Hello,
I have a cluster with 6 OSD nodes each with 10 SATA 8TB drives. Node 6 was just added. All nodes are 10Gbps on the network with Jumbo frames. S3 application access is working as expected but recovery is extremely slow. Based on past posts I attempted to do the following:
Alter the osd_recovery_sleep_hdd. I tried 0 and 0.1. 0 seems to improve the speed slightly but it is still very slow. I also attempted to change osd_max_backfills to 16 from 8 and osd_recovery_max_active to 8 from 4. This showed no noticeable improvement. The cluster is running 13.2.5. Here is the output from ceph -s
cluster:
id: xxxxxxxxxxxxxxxxxxxxxxxxxxxxxxxxxxxxxx
health: HEALTH_ERR
3 large omap objects
67164650/268993641 objects misplaced (24.969%)
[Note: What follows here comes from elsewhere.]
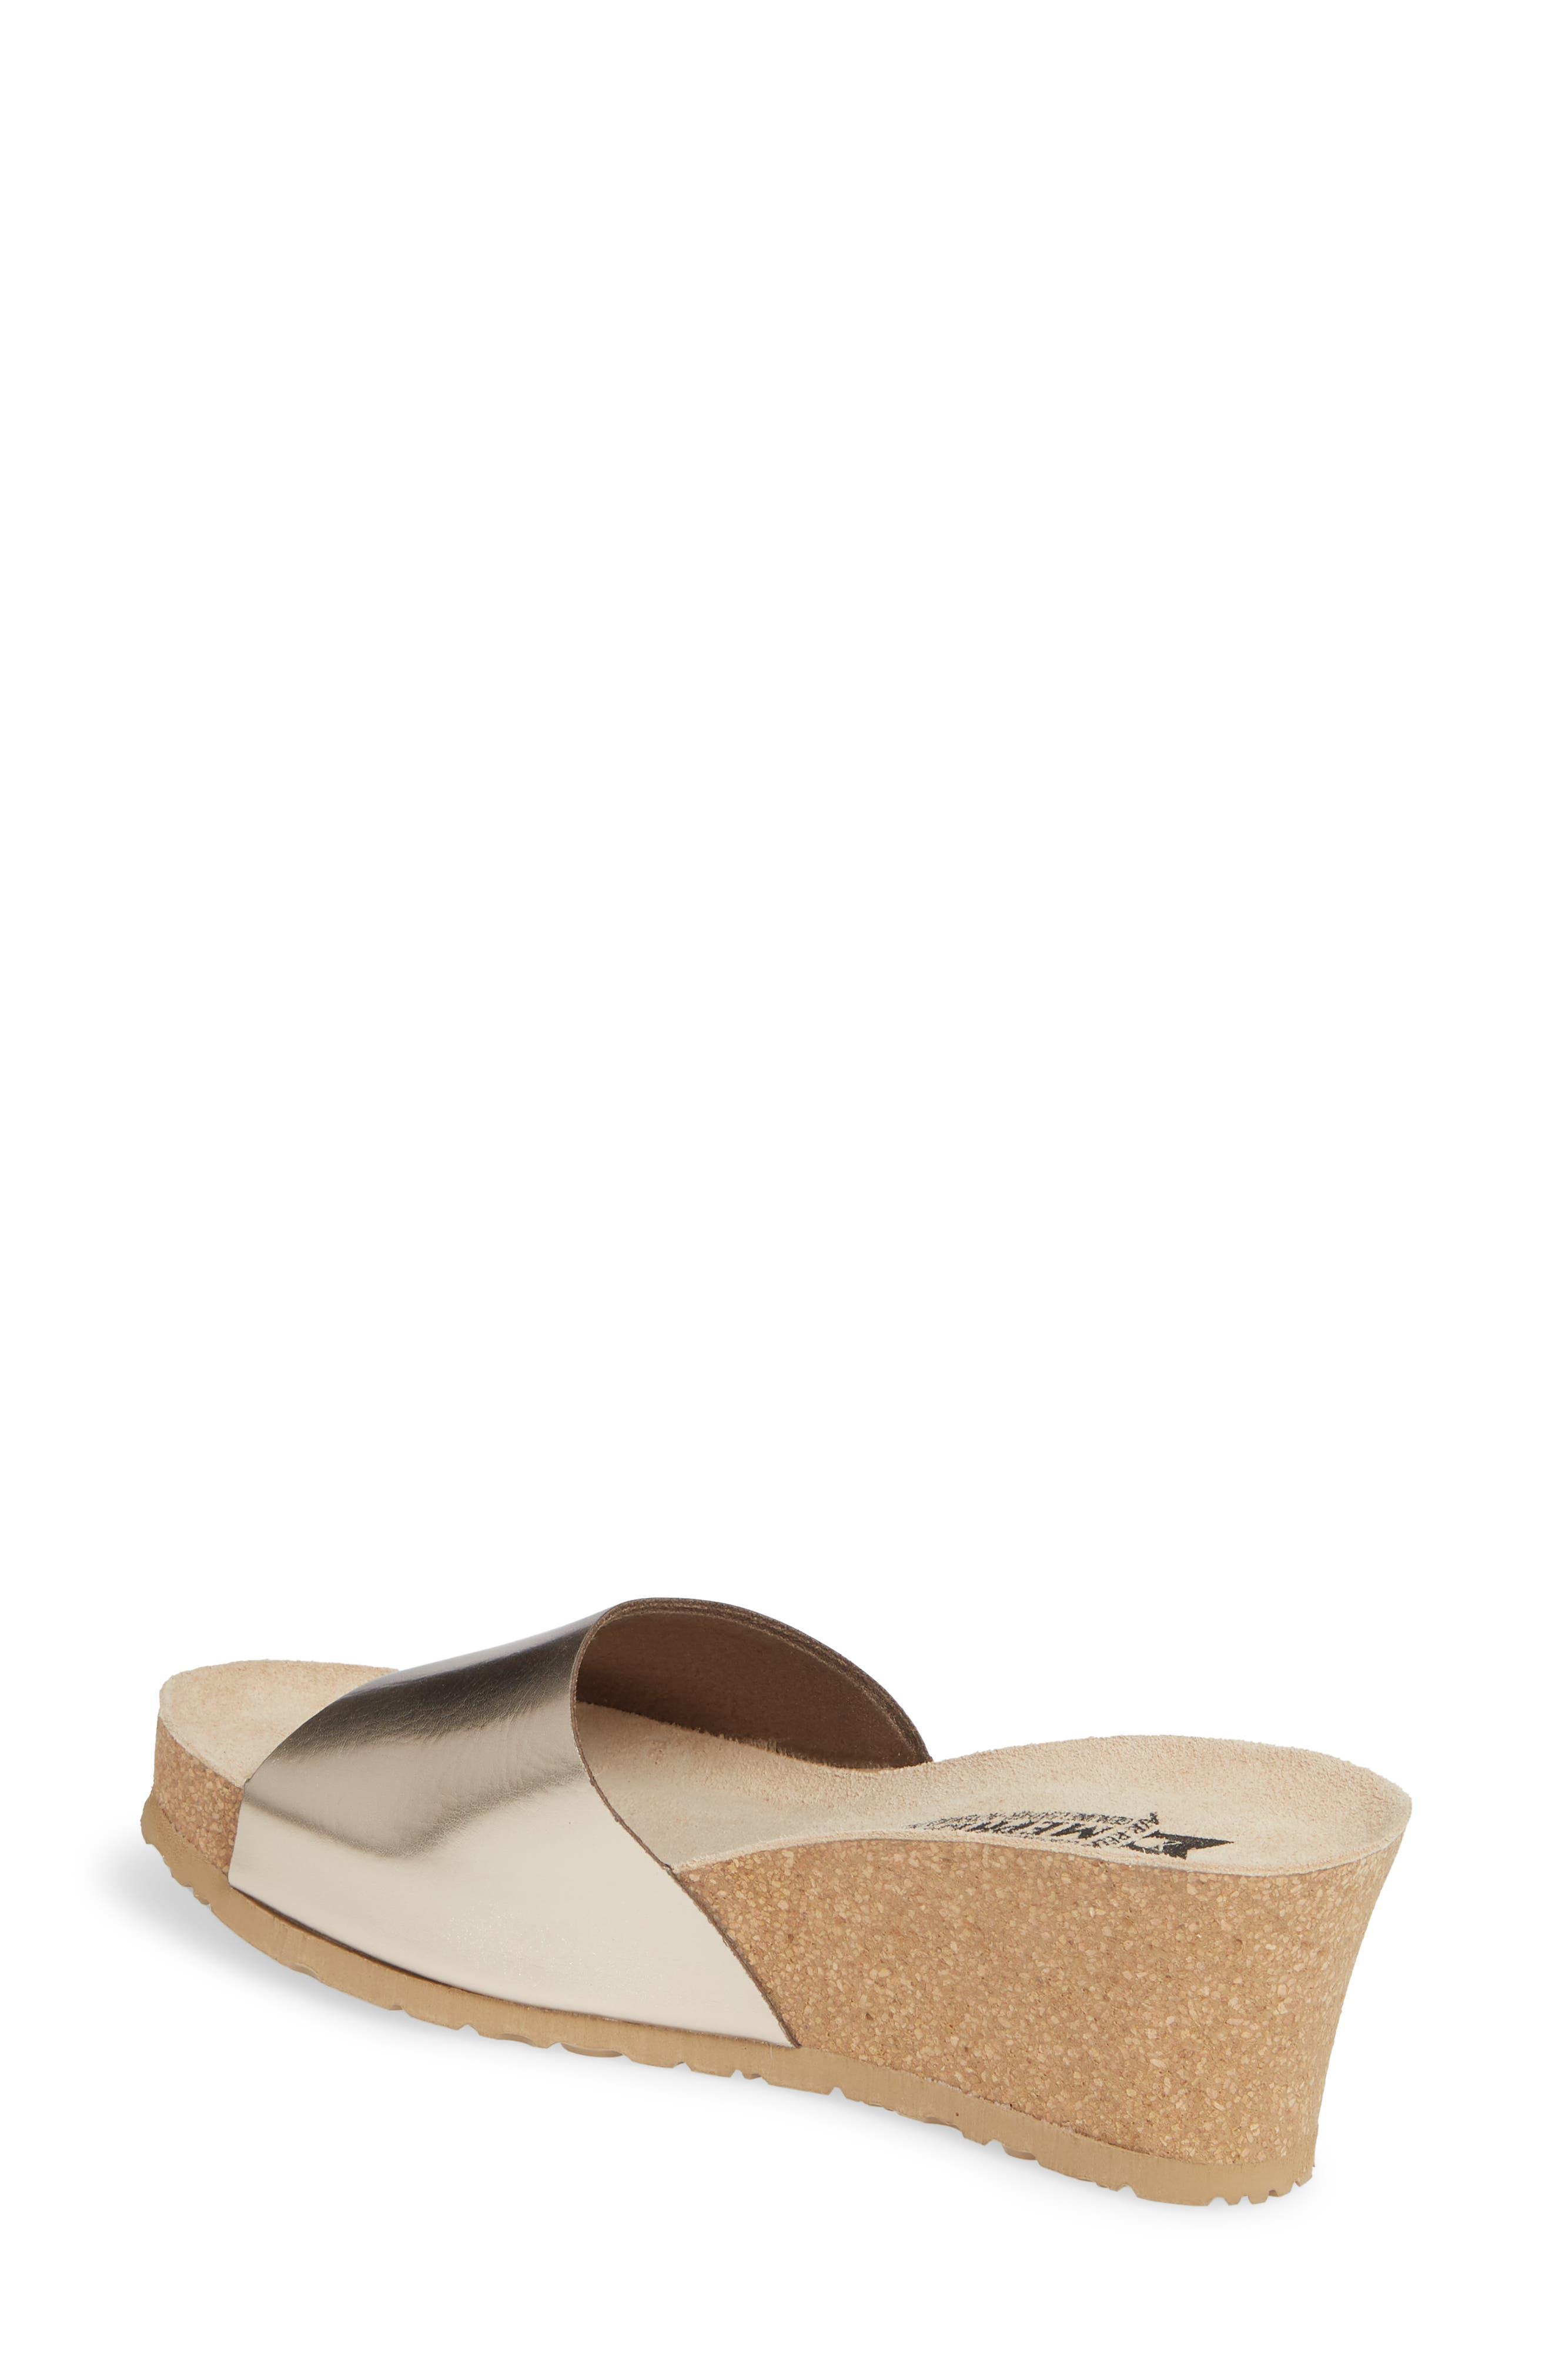 MEPHISTO, Lise Platform Wedge Sandal, Alternate thumbnail 2, color, PLATINUM LEATHER

Degraded data redundancy: 612258/268993641 objects degraded (0.228%), 8 pgs degraded, 8 pgs undersized
Degraded data redundancy (low space): 9 pgs backfill_toofull
services:
mon: 3 daemons, quorum mon1,mon2,mon3
mgr: mon2(active), standbys: mon1
osd: 55 osds: 50 up, 50 in; 531 remapped pgs
rgw: 3 daemons active
data:
pools: 15 pools, 1476 pgs
objects: 89.66 M objects, 49 TiB
usage: 159 TiB used, 205 TiB / 364 TiB avail
pgs: 612258/268993641 objects degraded (0.228%)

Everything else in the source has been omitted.